Anyone unfortunate enough to be stranded out here would have grim prospects — but most travelers on The Ghan never give the matter a second thought.
Not-so-fun fact:
On 6 June 2009, a 19-year-old American tourist clung to the outside of The Ghan for two hours and 200 kilometers (120 miles) when he was locked out of the train following a stop. A technician heard his screams and stopped the train.
After you’ve been aboard the Ghan for a while, you start to feel as if the train is stationary, and it’s the landscape in windows that’s on the move.
If you've ever wondered what the Middle of Nowhere looks like, this is it. It's very dry in this vastness—better have another beer...
It looks extraterrestrial—blue sky and orange earth—like taking a train across the surface of Mars.
A few hours later, we crossed into South Australia, the driest state in the driest continent in the world.
Another unexpected feature of this vast landscape is the Dingo Fence, a 5,614 km long fence erected in the 1880s (the distance from London to New York). It's the longest fence in the world–despite objections from the Great Wall of China—and built to keep dingoes out.
Tip:
Traveling through some of the most remote locations in the world, phone signal is intermittent. While you will generally receive signal at least once a day, guests are encouraged to unplug from their devices and fully relax.
The train makes for a good time to reflect and write.
That evening, we went through a sandstorm and followed by a thunderstorm.
On some trips, the train will stop at the remote outpost of Manguri. Far away from any city lights, you will witness the Milky Way as you've never seen before.
Day 3
Manguri to Adelaide
In the morning I was greeted with views of the Flinders Ranges over breakfast, on time for a late-morning arrival in Adelaide.
The train chugs past sheep farms and vineyards, eventually rolling into the suburbs. We've arrived in civilization!
The train finally pulls into the pleasant and modern city of Adelaide, capital of South Australia.
I've just crossed a continent!
Over 3 days, I've fallen in love with the rhythm of the train and the endlessness of the desert, speeding across Australia on one of the world’s great train journeys.
There's no better way to celebrate the journey than to see the ocean along the Great Ocean Road.
Epilogue
In 1862, explorer John McDouall Stuart took 14 months to complete the journey that The Ghan covers in 3 days. By the end, he was half-blind, suffering from scurvy and barely capable of walking. The Ghan's passengers, by contrast, emerge at Adelaide rested and well-fed.
The Australian Outback is one of the most spectacular wildernesses in the world, and The Ghan is the most comfortable way to see it.

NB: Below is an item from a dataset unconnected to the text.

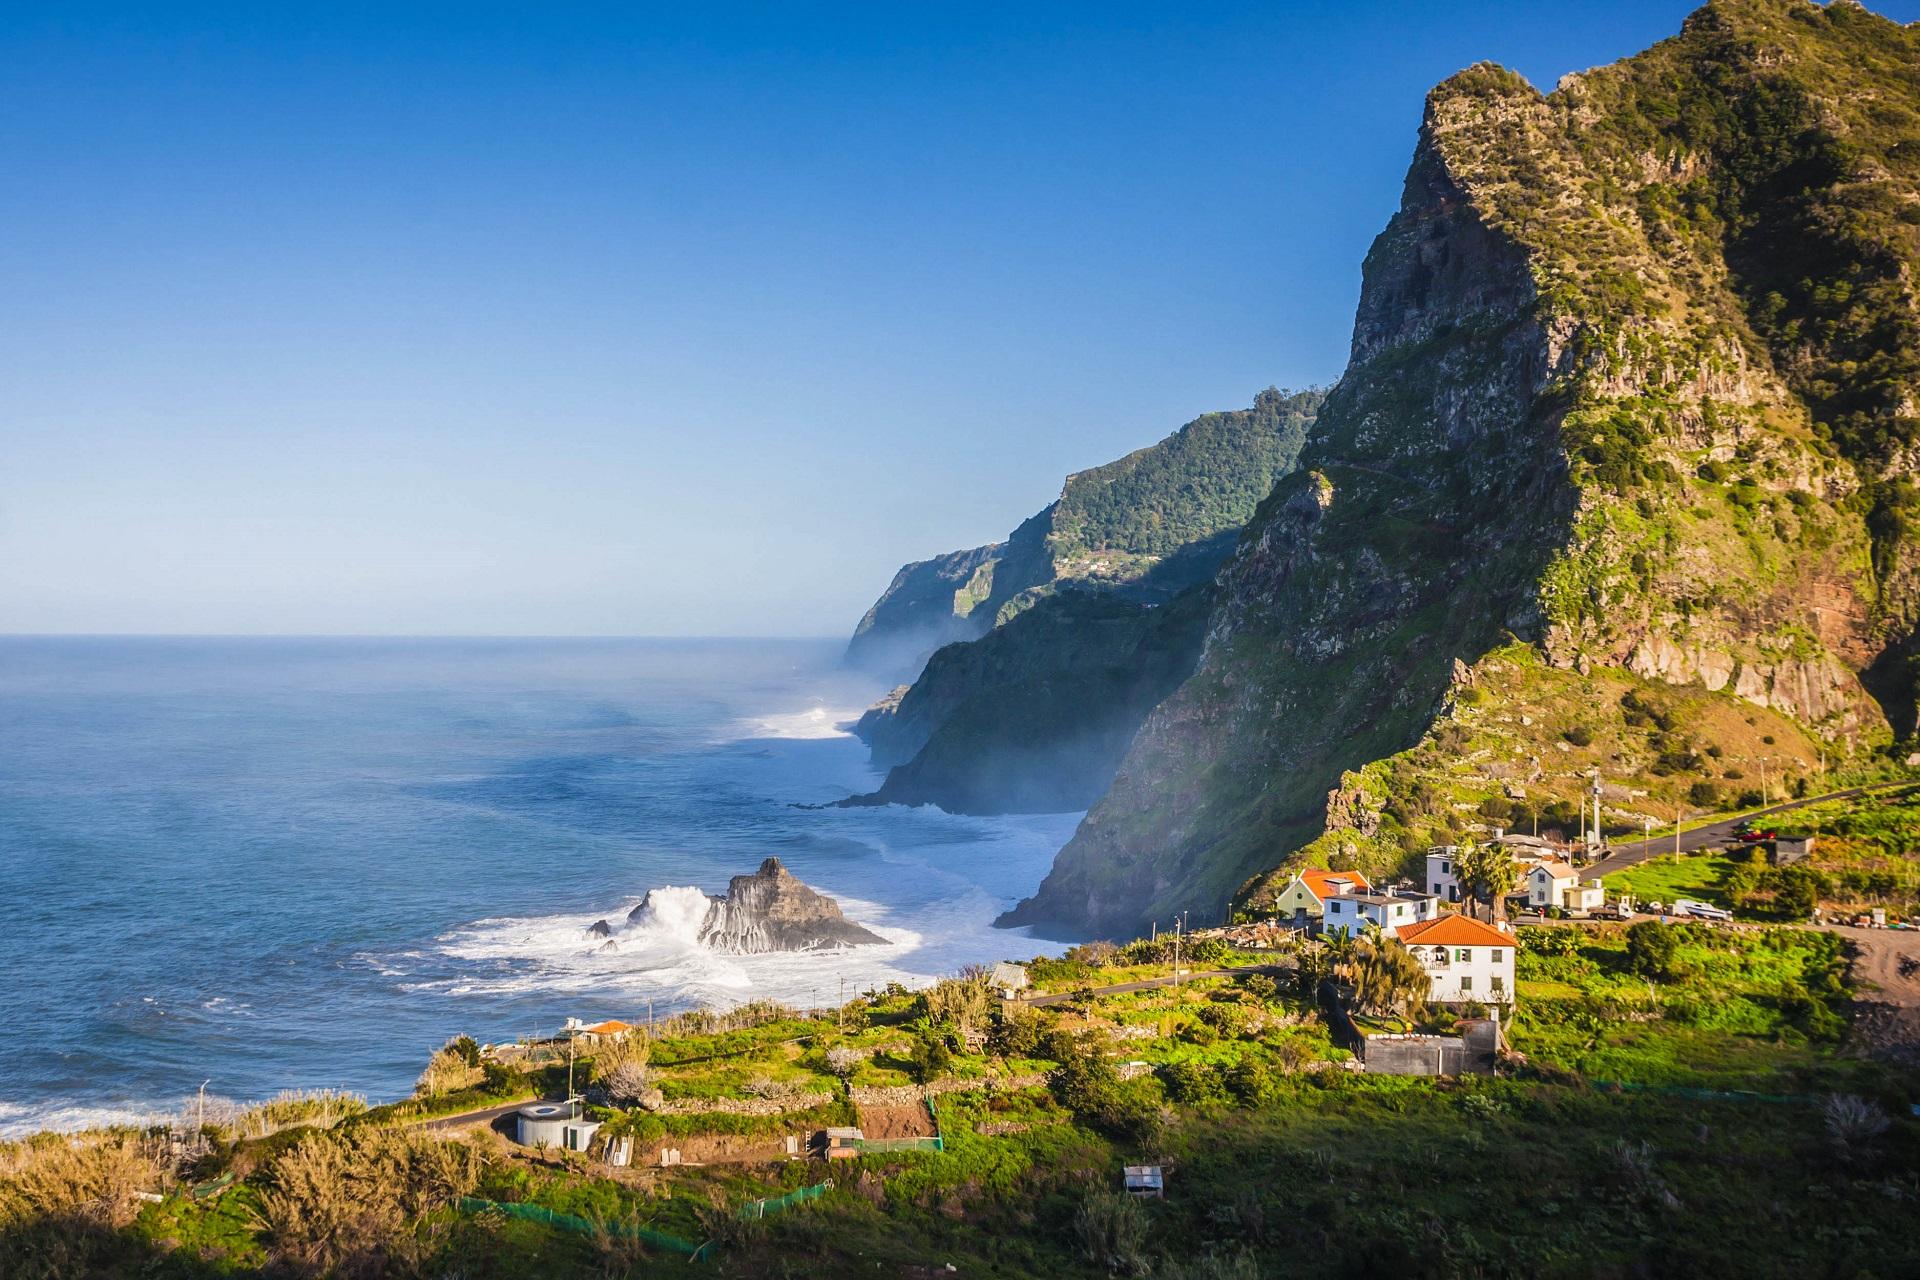 интереснее представительнее остров мадейра португалия фото выглядит как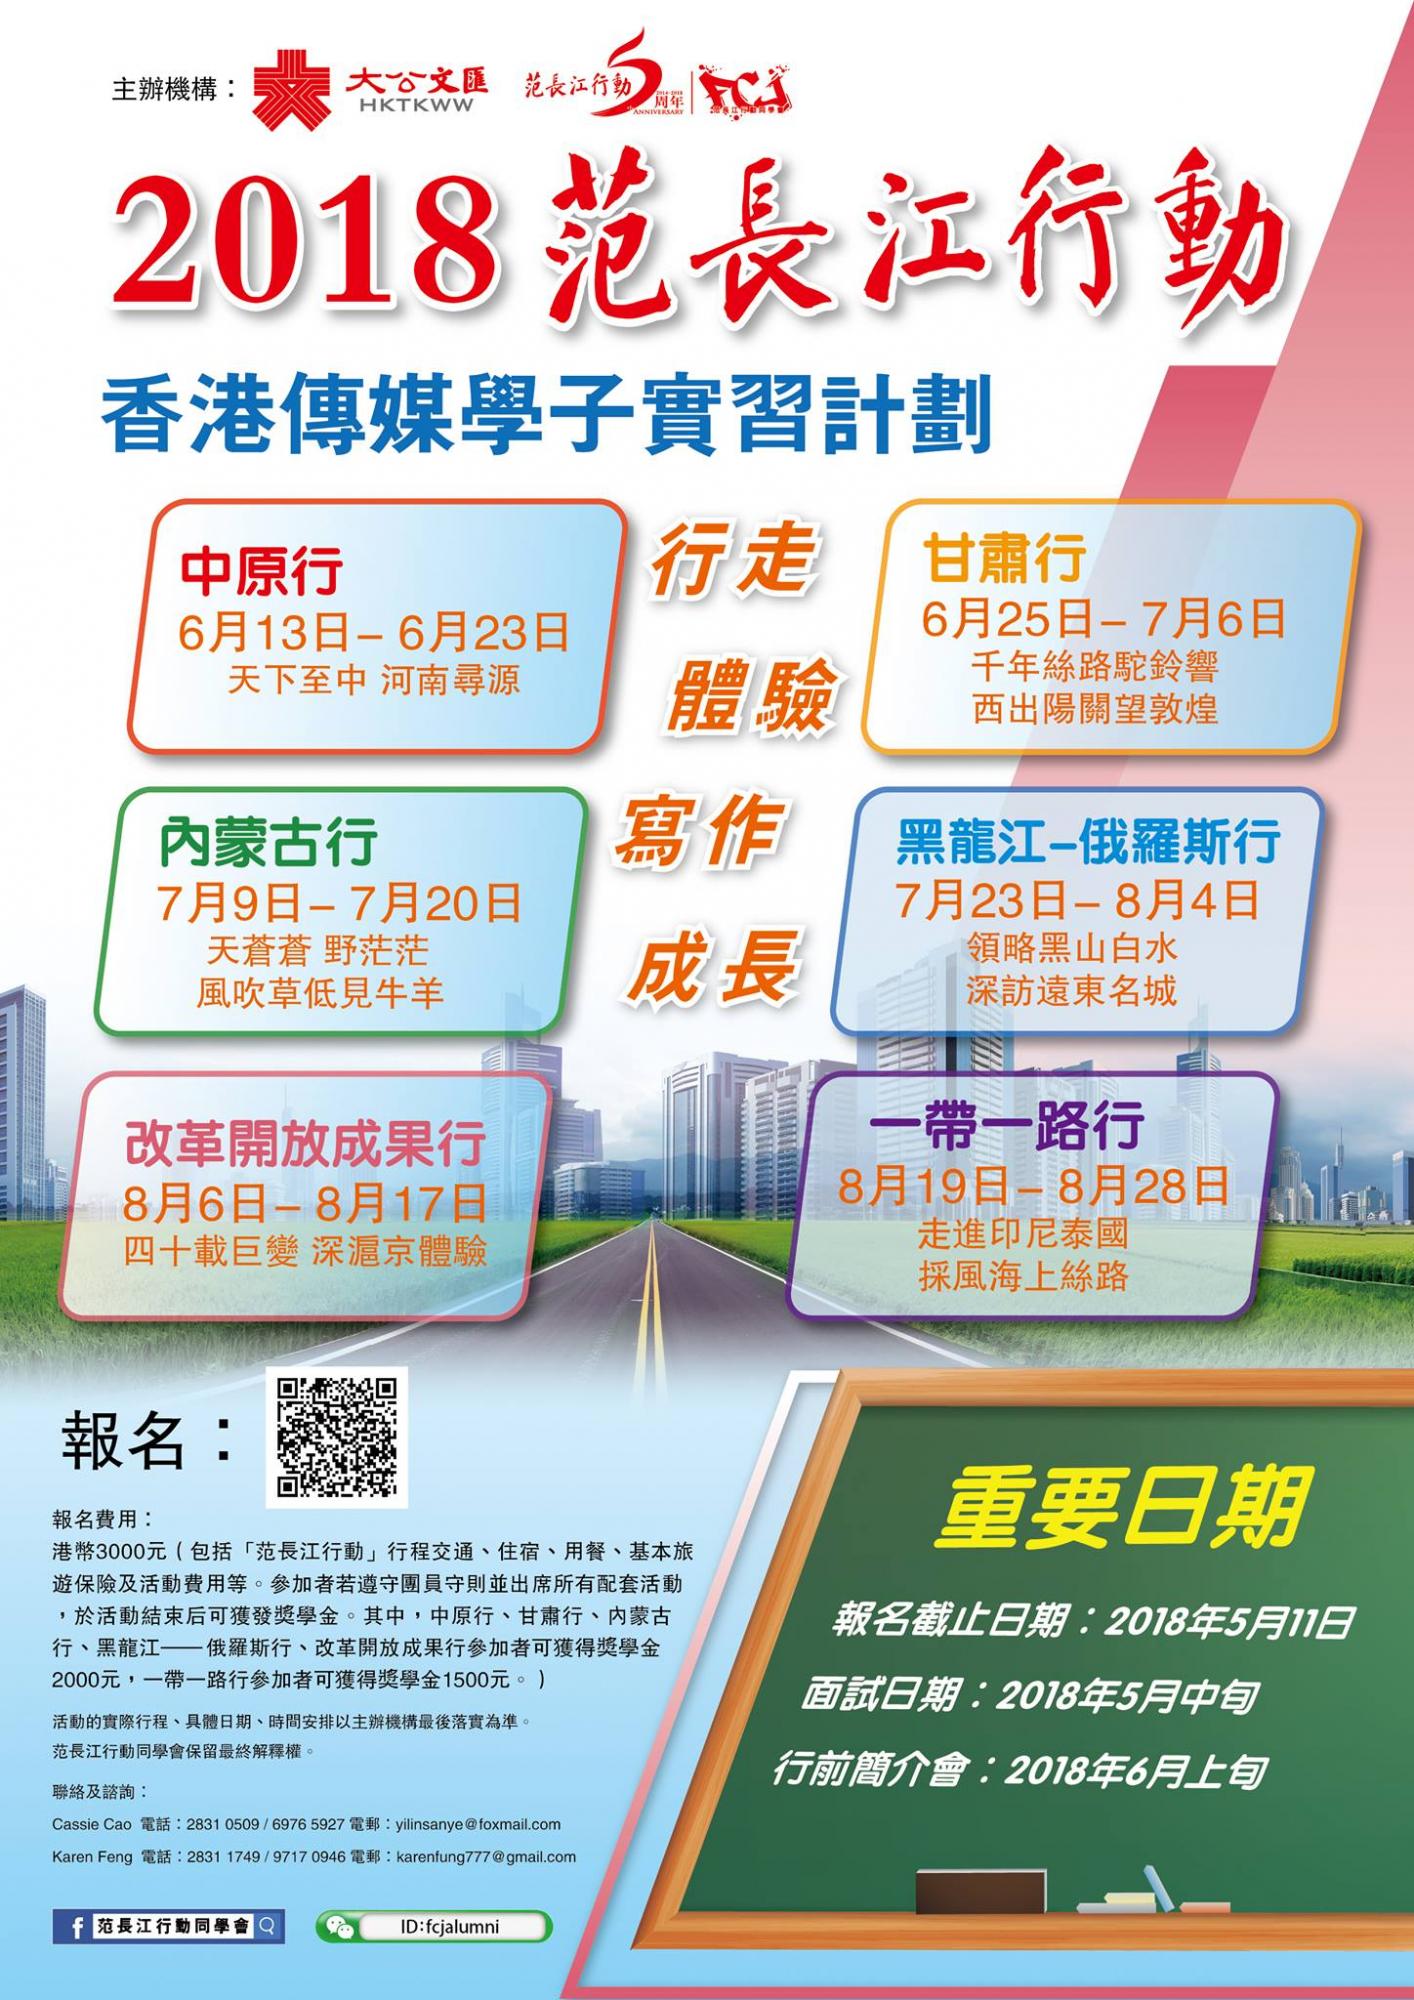 「2018范长江行动」香港传媒学子实习计划

It isn't cheap or fast, but the journey through the vast, flat expanse of the red center is unforgettable.
Traversing the full length of Australia by rail captures the diversity of landscapes, climates, wildlife, and flavors that define the world's largest island. To truly experience and fully appreciate the essence of Australia, you need to visit its red heart. You'll get a comprehension of the profound size of Australia that you simply can’t fathom while sitting on Bondi Beach.